Forward-looking: The Frontier supercomputing system will be built at Oak Ridge National Laboratory (ORNL) and will be more than 5 times faster than the current world's fastest computer. In a joint effort between AMD, Cray, the Department of Energy, and ORNL, the supercomputing world will be getting a new top dog. The system, called Frontier, is targeting over 1.5 exaflops of computing performance. That's 1.5 quintillion, or 1.5 billion-billion, floating point operations every second.

The exact specs for Frontier haven't been released yet, but it will be built using AMD EPYC CPUs, Radeon Instinct GPUs, and Cray Slingshot interconnects. Each node in the system will have one CPU and four GPUs. The supercomputer will be used for many applications in scientific fields including sub-atomic structures, weather, genomics, fusion, and more.

Frontier will cover the size of over 2 basketball courts and will have more performance than the top 160 current fastest supercomputers combined.

The world's current fastest supercomputer, Summit, is also a joint venture between ORNL and the Department of Energy. Summit is comprised of about 2.4 million cores and 2.8PB of memory and has a peak performance of 200 PetaFLOPS.

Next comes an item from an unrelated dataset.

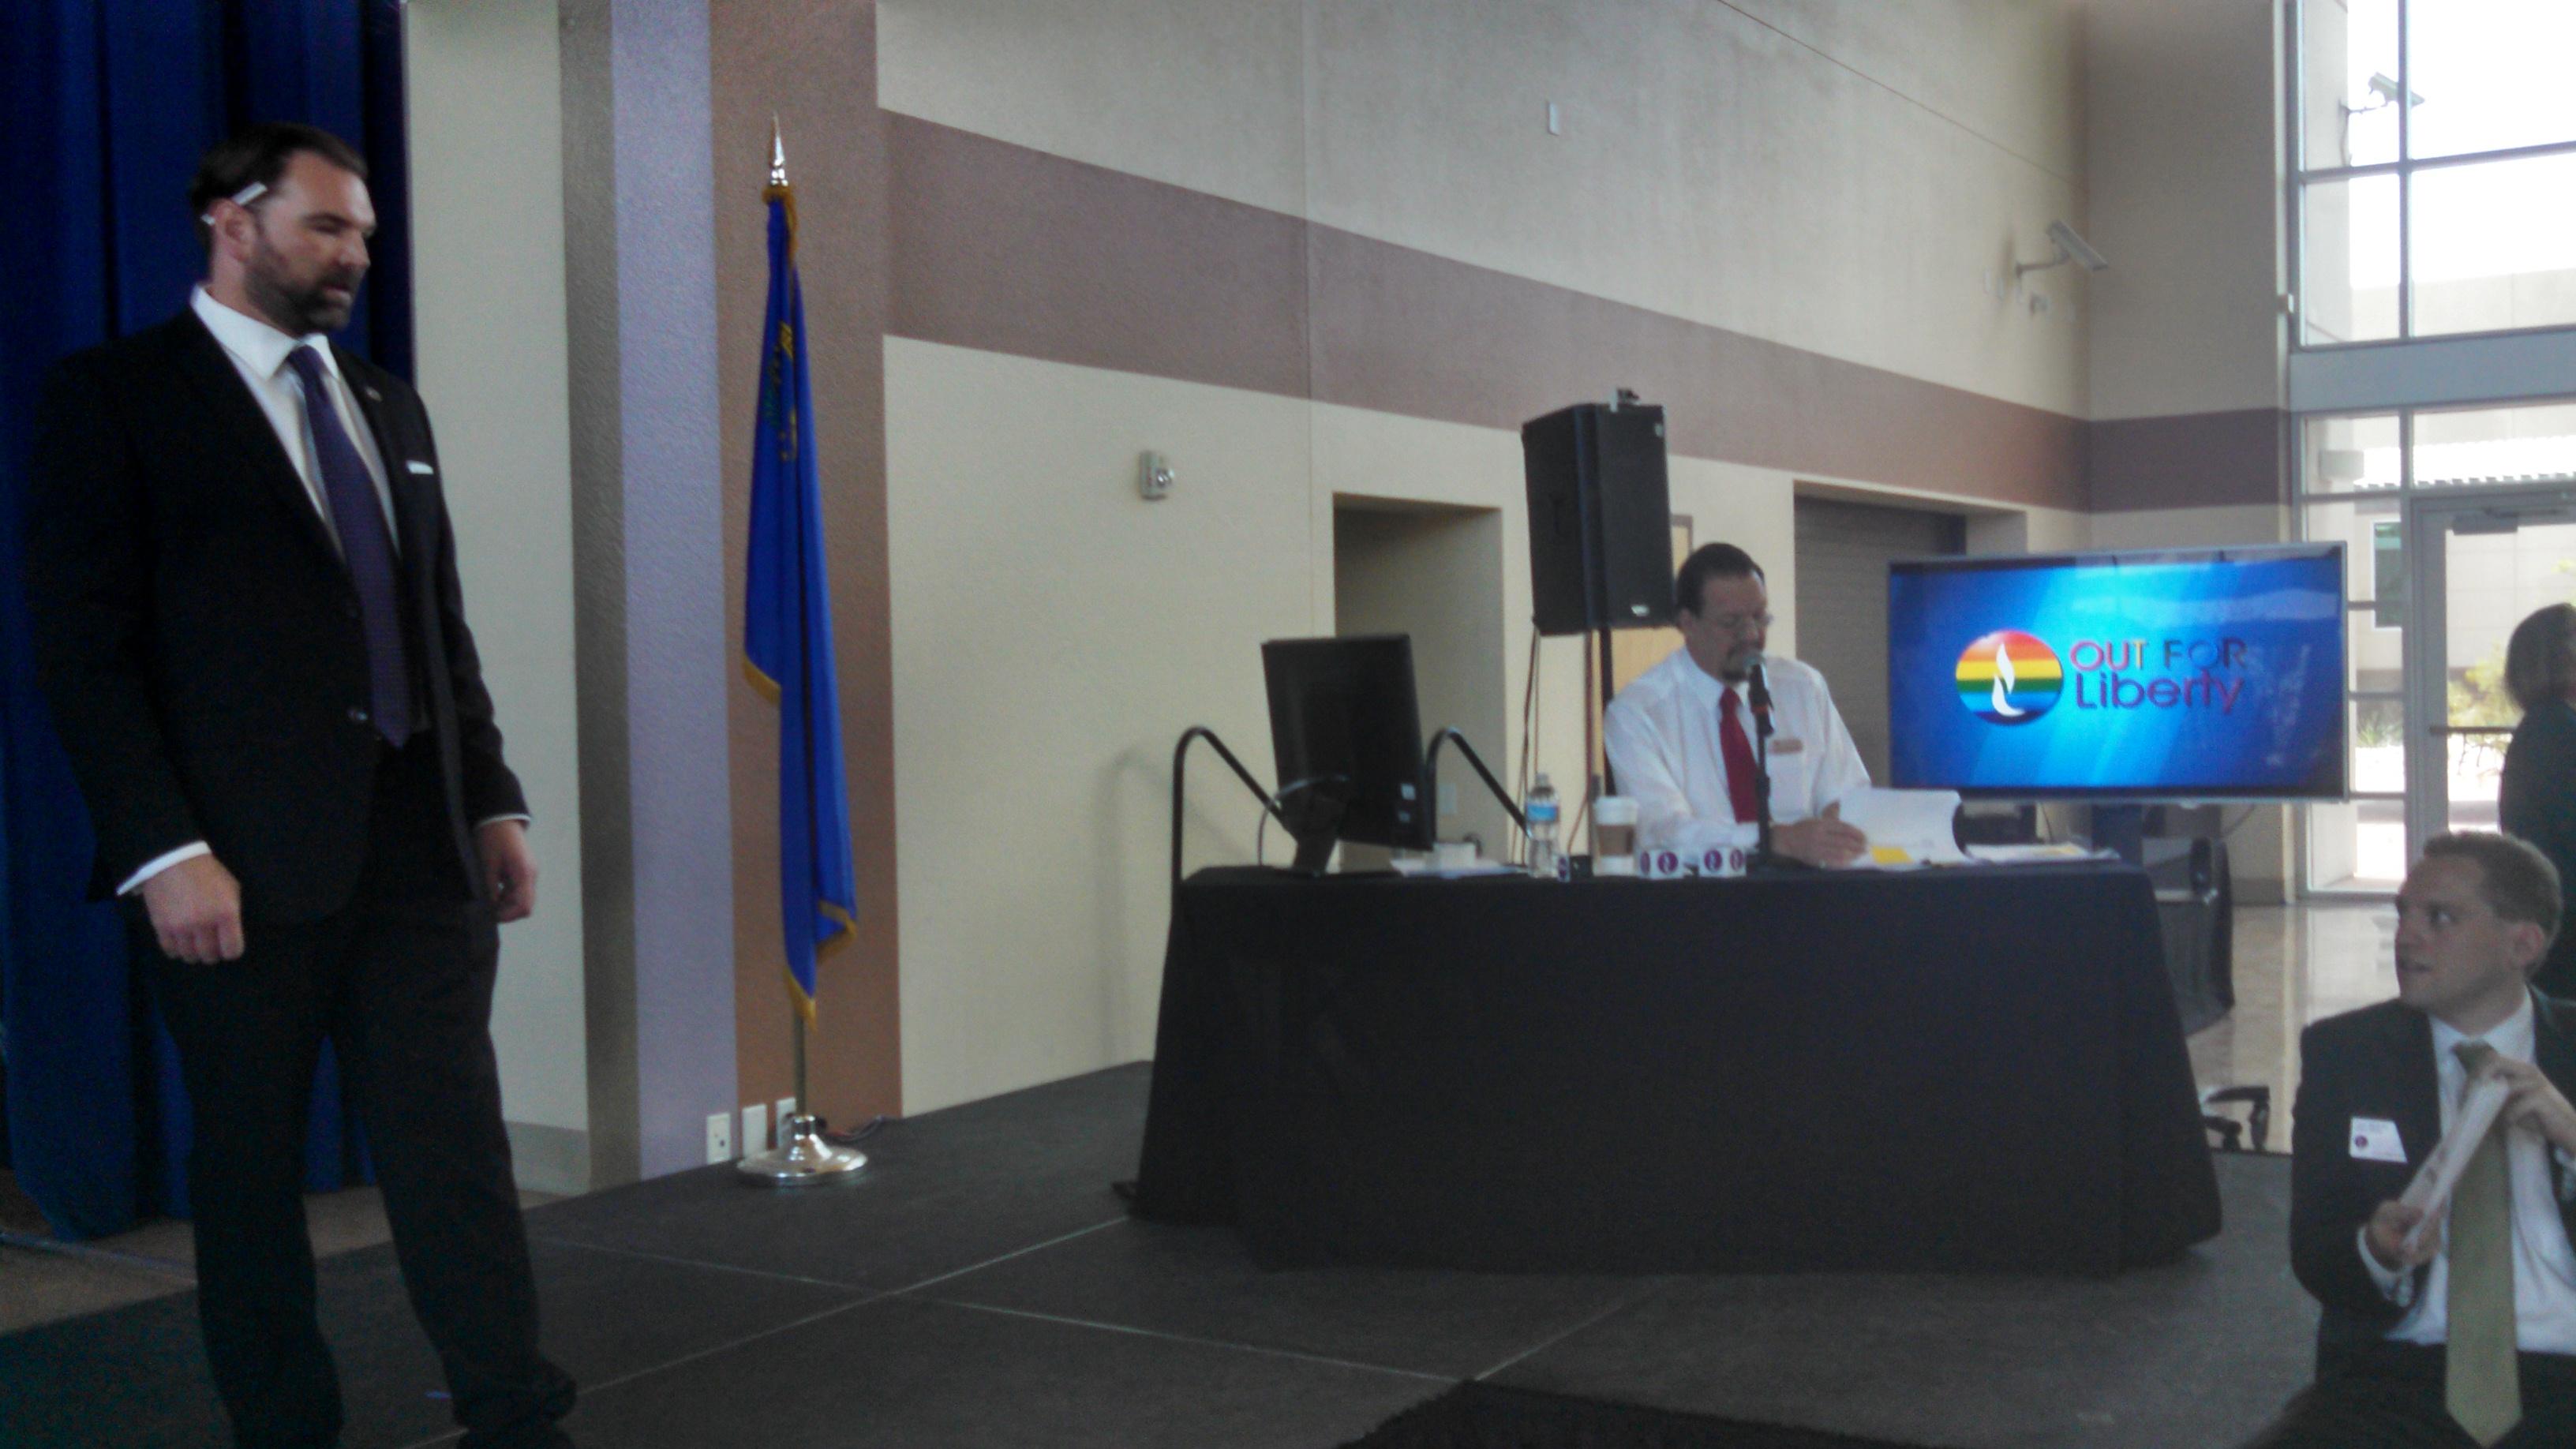 LP Nevada chair Brett H. Pojunis talks logistics with Jason Weinman as Penn prepares to moderate the debate. Photo by Zach Foster.
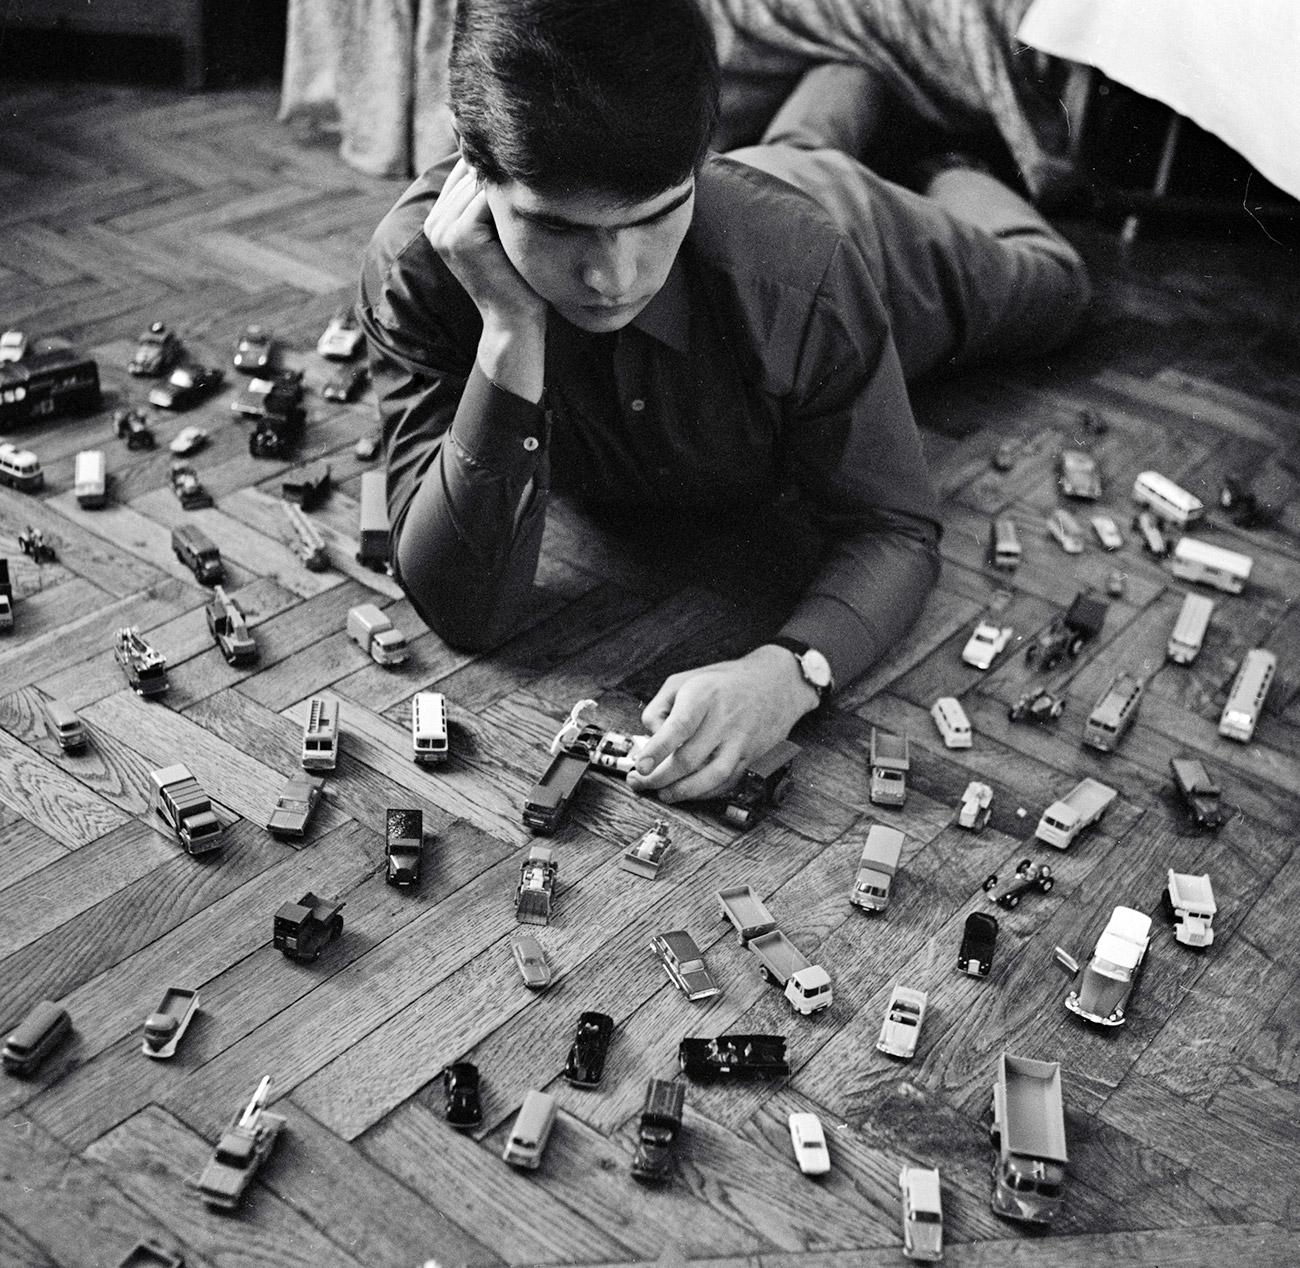 Seorang anak pengoleksi mobil-mobilan, 1968. Sumber: Boris Ushmaykin/RIA Novosti

While traditional supercomputers have employed a large number of relatively low power nodes, Frontier will use fewer nodes but they will be much higher performance. This is designed to reduce the strain on the interconnect network and to make simulations easier to deploy on the supercomputer.

We haven't received any power consumption details, but the system is expected to be operational sometime in 2021 in the 9-figure price range. While this much compute may seem unfathomable, new advances in science will surely be able to make use of it. Each new generation of supercomputer is a chance to one-up the previous fastest computer. At least until the next supercomputer dethrones this one.